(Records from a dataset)
┌──

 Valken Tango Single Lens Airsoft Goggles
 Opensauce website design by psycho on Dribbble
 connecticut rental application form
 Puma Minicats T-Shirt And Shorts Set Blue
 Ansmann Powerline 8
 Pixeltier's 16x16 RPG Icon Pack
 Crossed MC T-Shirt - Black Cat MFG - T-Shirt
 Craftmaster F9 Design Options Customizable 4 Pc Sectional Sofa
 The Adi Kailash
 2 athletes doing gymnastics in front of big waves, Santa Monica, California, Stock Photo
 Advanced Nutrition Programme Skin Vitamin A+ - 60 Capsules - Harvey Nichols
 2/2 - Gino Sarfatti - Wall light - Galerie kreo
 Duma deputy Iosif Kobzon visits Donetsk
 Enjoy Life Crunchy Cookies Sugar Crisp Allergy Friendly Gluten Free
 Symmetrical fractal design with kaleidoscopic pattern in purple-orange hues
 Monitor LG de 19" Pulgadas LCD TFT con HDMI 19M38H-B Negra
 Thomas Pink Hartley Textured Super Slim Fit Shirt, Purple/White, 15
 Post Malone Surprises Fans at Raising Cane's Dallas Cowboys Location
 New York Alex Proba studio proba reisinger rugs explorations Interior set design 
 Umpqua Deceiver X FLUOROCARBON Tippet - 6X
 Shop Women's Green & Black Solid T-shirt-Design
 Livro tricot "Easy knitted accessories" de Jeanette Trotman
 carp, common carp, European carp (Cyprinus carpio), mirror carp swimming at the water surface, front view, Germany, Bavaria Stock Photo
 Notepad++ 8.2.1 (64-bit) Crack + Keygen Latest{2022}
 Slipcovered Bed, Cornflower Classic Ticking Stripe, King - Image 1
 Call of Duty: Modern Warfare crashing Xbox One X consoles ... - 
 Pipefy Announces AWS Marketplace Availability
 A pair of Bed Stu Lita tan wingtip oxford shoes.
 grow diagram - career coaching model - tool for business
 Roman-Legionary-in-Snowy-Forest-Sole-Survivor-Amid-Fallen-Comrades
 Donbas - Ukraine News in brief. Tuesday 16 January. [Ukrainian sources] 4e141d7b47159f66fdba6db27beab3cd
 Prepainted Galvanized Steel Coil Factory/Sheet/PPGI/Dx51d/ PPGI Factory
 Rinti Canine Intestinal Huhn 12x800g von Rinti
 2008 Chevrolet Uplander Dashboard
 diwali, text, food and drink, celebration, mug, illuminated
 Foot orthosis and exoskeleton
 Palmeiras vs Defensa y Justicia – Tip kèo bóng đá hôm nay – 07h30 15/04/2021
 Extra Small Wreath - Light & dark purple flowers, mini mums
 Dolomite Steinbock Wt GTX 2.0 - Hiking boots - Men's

└──

- Brief:
Among the lines above, which ones hold the string "front"? Show them.

- Problem solution:
 2 athletes doing gymnastics in front of big waves, Santa Monica, California, Stock Photo
 carp, common carp, European carp (Cyprinus carpio), mirror carp swimming at the water surface, front view, Germany, Bavaria Stock Photo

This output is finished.